** REQUIREMENT **
Please output exactly the part of the records below that opens with the line containing "Made In: Italy" and closes with the line containing "Marked Size: 85cm/ 34", both lines included, and nothing else.

• • • •

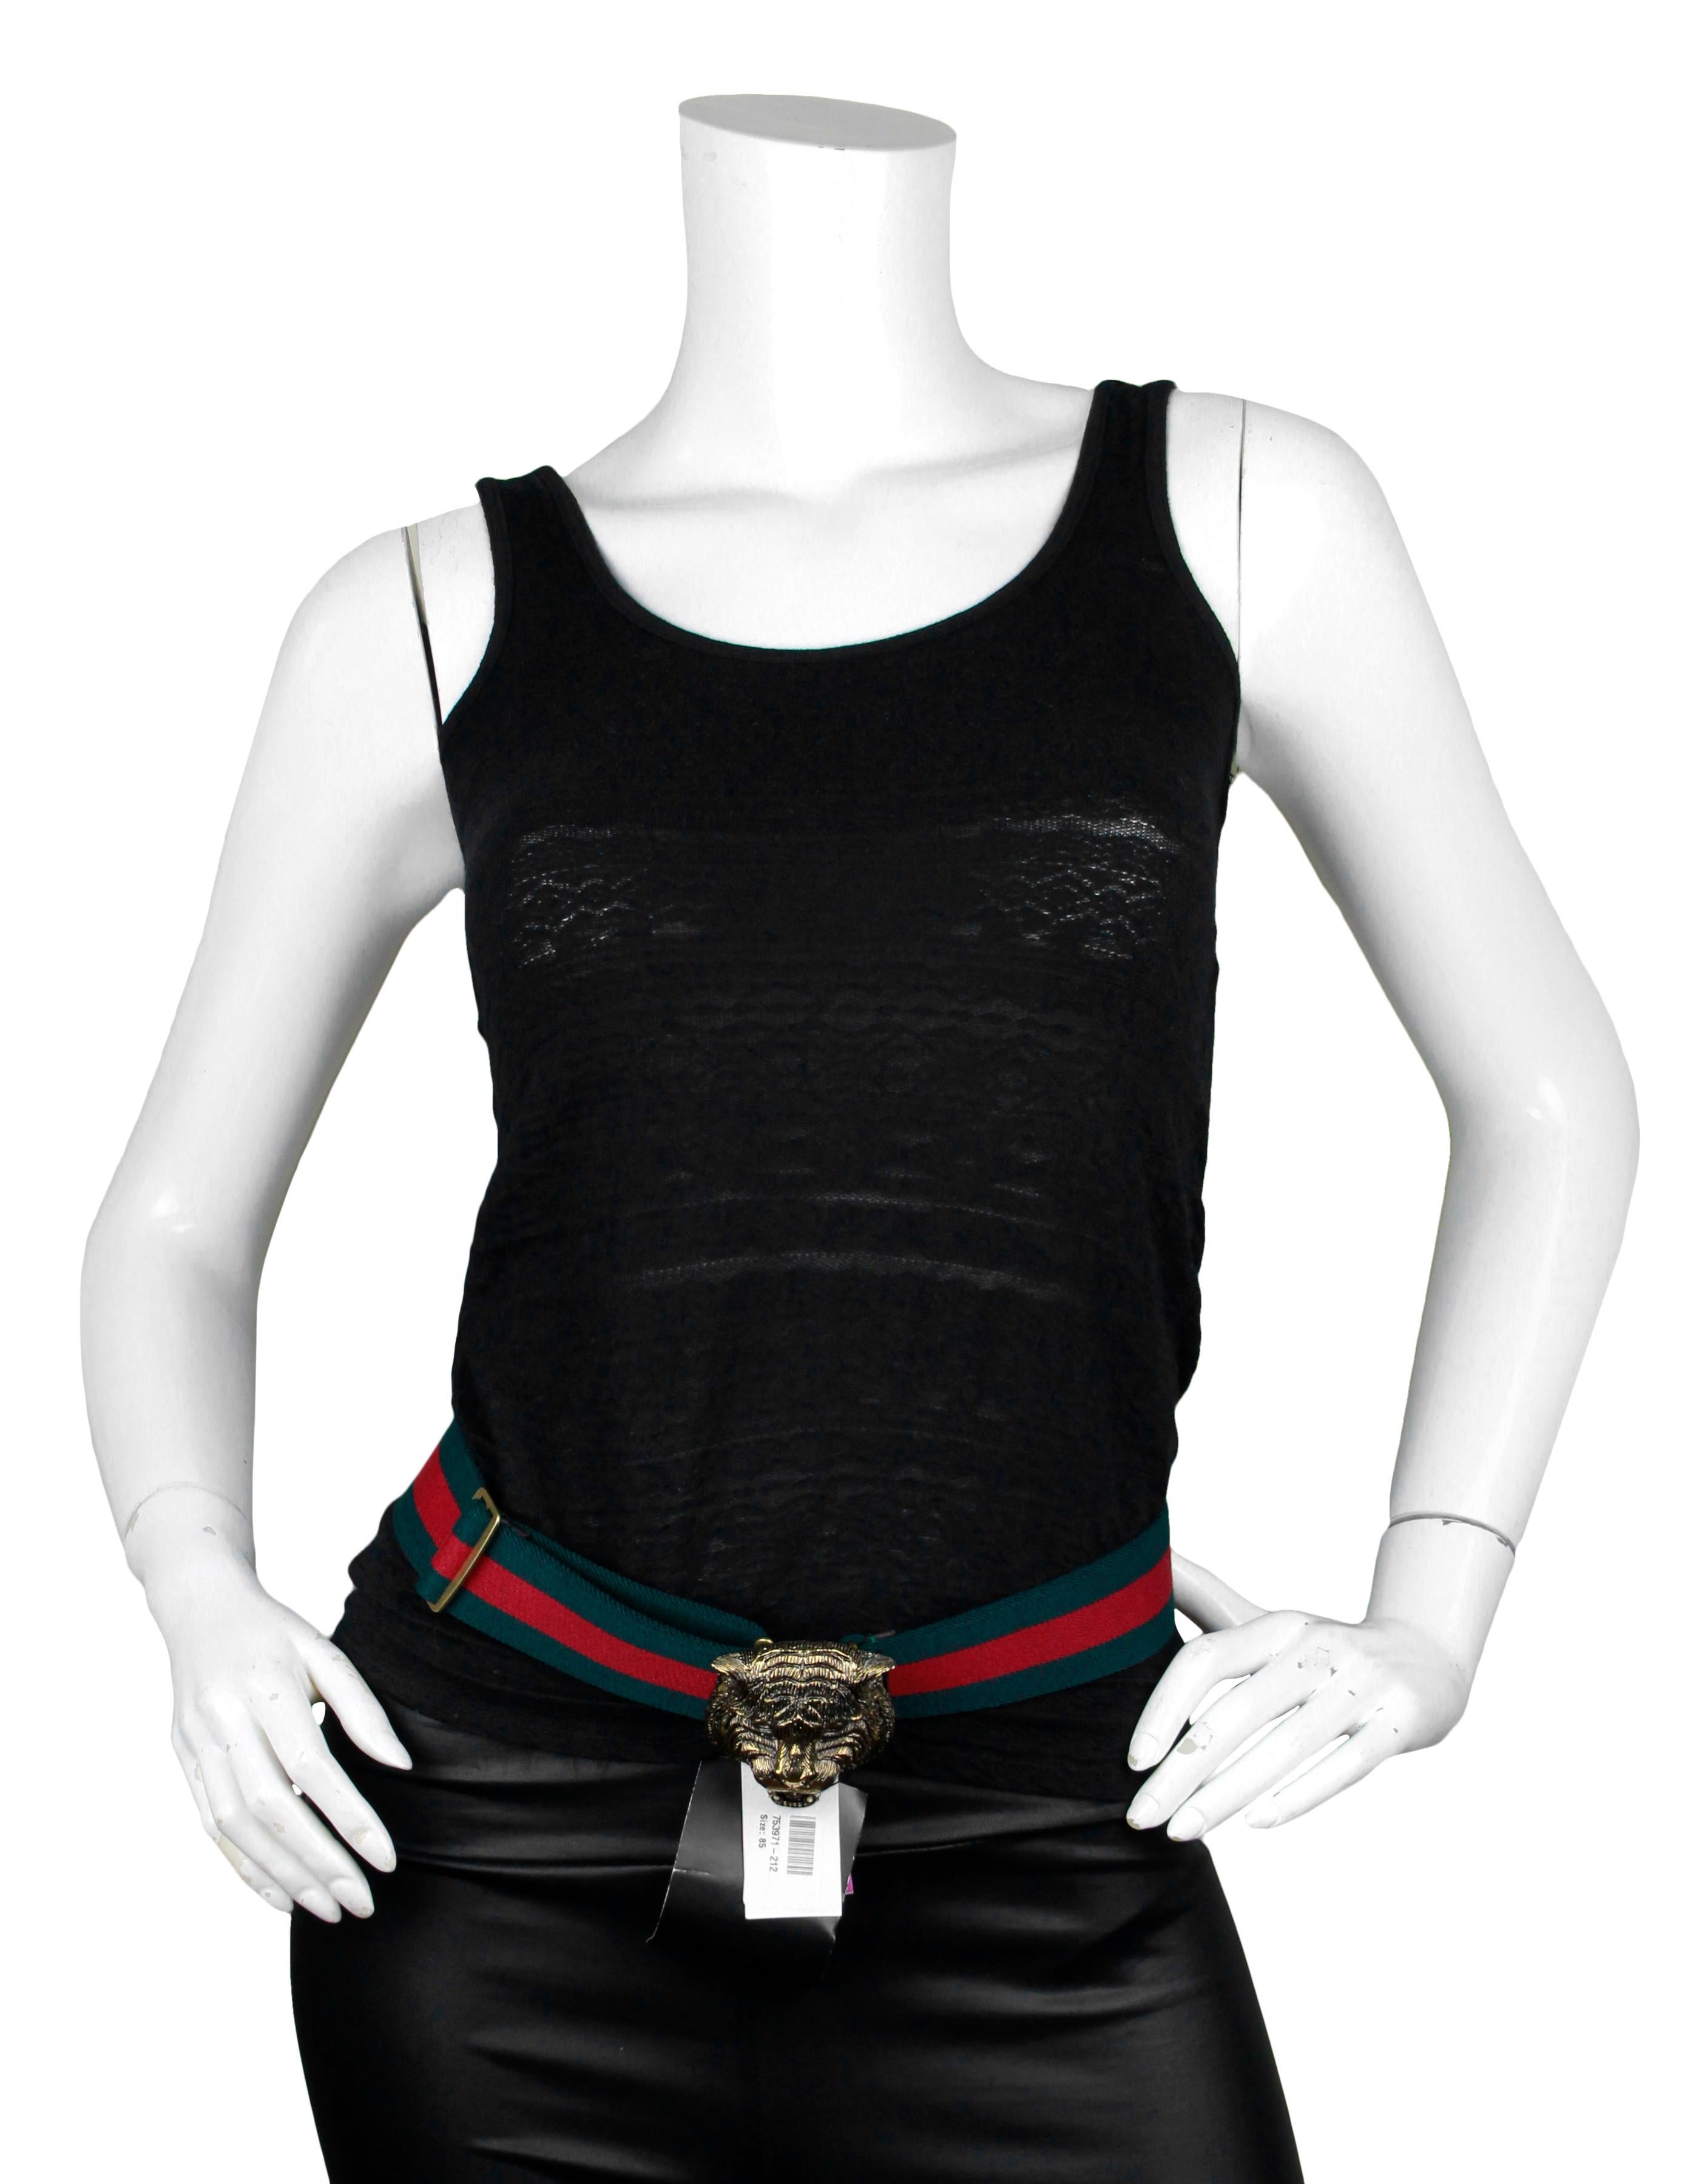 Gucci NWT Green/Red Web Tiger Head Buckle Belt sz 85

Made In: Italy
Color: Green and red
Hardware: Antique goldtone
Materials: Stretch canvas
Closure/Opening: Hook
Overall Condition: New with tags

Marked Size: 85cm/ 34
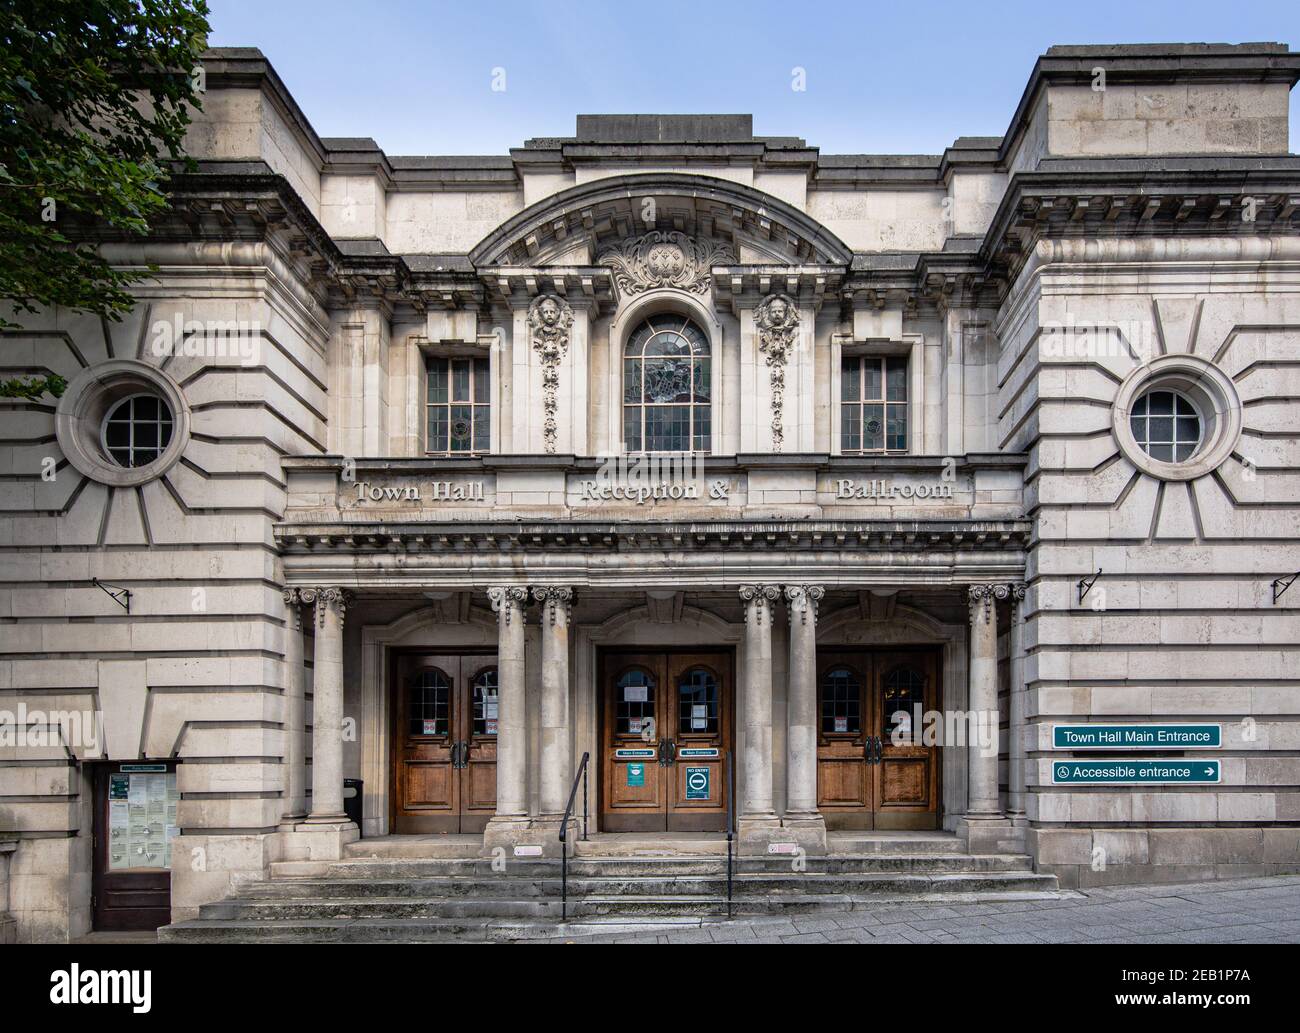 Entrance/Reception for Stockport Town Hall / Ballroom.  The architecture is English Baroque.  Stockport, England, Uk Stock Photo

• • • •

** TASK OUTPUT **
Made In: Italy
Color: Green and red
Hardware: Antique goldtone
Materials: Stretch canvas
Closure/Opening: Hook
Overall Condition: New with tags

Marked Size: 85cm/ 34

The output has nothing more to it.